ONAWAY - The City of Onaway will contribute to an informational phone service new to Presque Isle County, one that connects people to a wide variety of support services.

Onaway City Commissioners voted unanimously to pay $132 to 2-1-1 Northeast Michigan, a free and confidential service to connect callers to food banks, physical and mental health services, employment support, and many others. Onaway City Clerk Kelli Stockwell said the program would give her an option for people who call city hall looking for this kind of help, and the mayor and commissioners voiced their support for the service.

Melinda Hambleton with Great Start Collaborative attended the city commissioner's meeting to speak about the call-in service's benefits. By calling the three-digit number, which went online in Presque Isle County about three weeks ago, county residents can be connected with housing commissions, job training programs, after-school programs and mental health crisis lines, among other services.

The service is also available to Alcona, Alpena and Montmorency residents, according to information from Northeast Michigan 2-1-1.

Money to start the program came from local, state and federal grants, and Presque Isle County government contributed as well, Hambleton said. Now, to cover ongoing annual costs, the Presque Isle County Human Services Coordinating Council is asking the county's two cities and 15 townships to contribute 15 cents per person.

Mayor Gary Wregglesworth said he thinks the program will do "a lot of good for a lot of people," and for not a lot of money. He pointed out that the overall annual cost to serve the county's population of 13,376 is just over $2,000.

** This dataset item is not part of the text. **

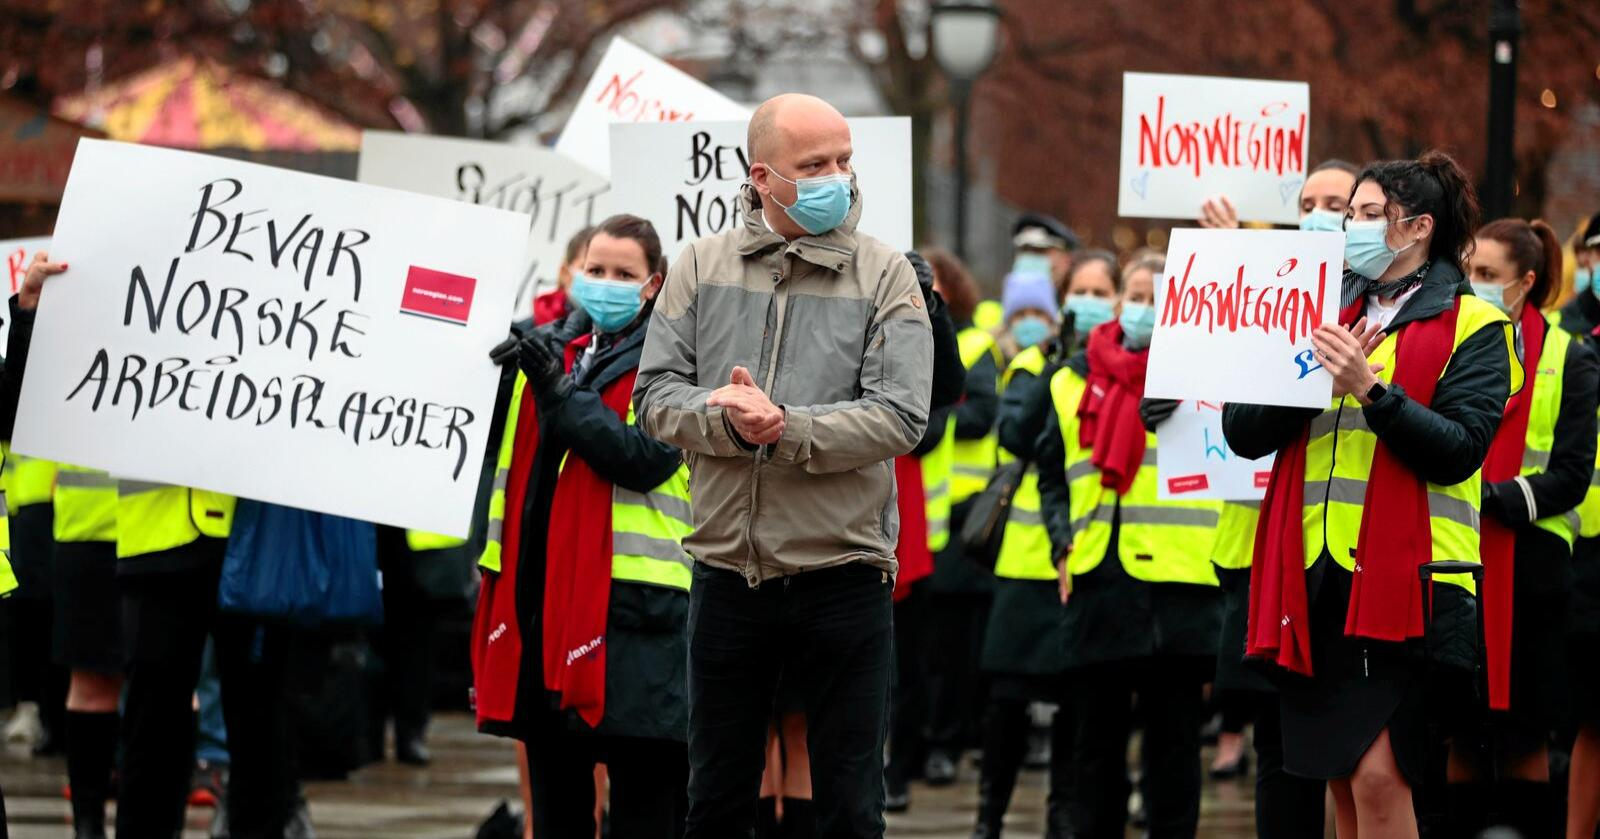 Gule vester: Her støtter Trygve Slagsvold Vedum de demonstrerende Norwegian-ansatte foran Stortinget. Sp-lederen ser ut til å ha et EØS-dilemma i fanget. Foto: Jil Yngland / NTB

"I'm not super familiar with the program, but it looks like it's something that would make it easier for citizens to access information that they need," he said after the meeting.

Stockwell said city hall gets calls daily from people with questions about where to pay their taxes, or how to access other services. Directing them to the 211 number means she'll spend less time finding the information herself, and residents can quickly get the up-to-date information they need.

"People with utility bills that need help, instead of us having to go through the whole list or maybe - you know, that list isn't even updated - we can give them the 211 information, and then they can call 211 and get the most current places where they can get help with their utility bills," she said.

So far, Onaway is the second local government to support the service, Hambleton said. Ocqueoc Township officials have responded to the request, indicating the township will pay its share, at $98.50 for 655 people.

If other townships in the county don't support service for the county, Northeast Michigan 2-1-1 coordinators would raise money through grants or local fundraisers, Hambleton said. This would be similar to what the Human Services Coordinating Council did to raise funds to get the program started.

In other business, the city will participate in a non-binding financial assessment of its water system by the Michigan Department of Environmental Quality. The department will look over the system's budget, rate structures and other aspects, and potentially give recommendations for changes.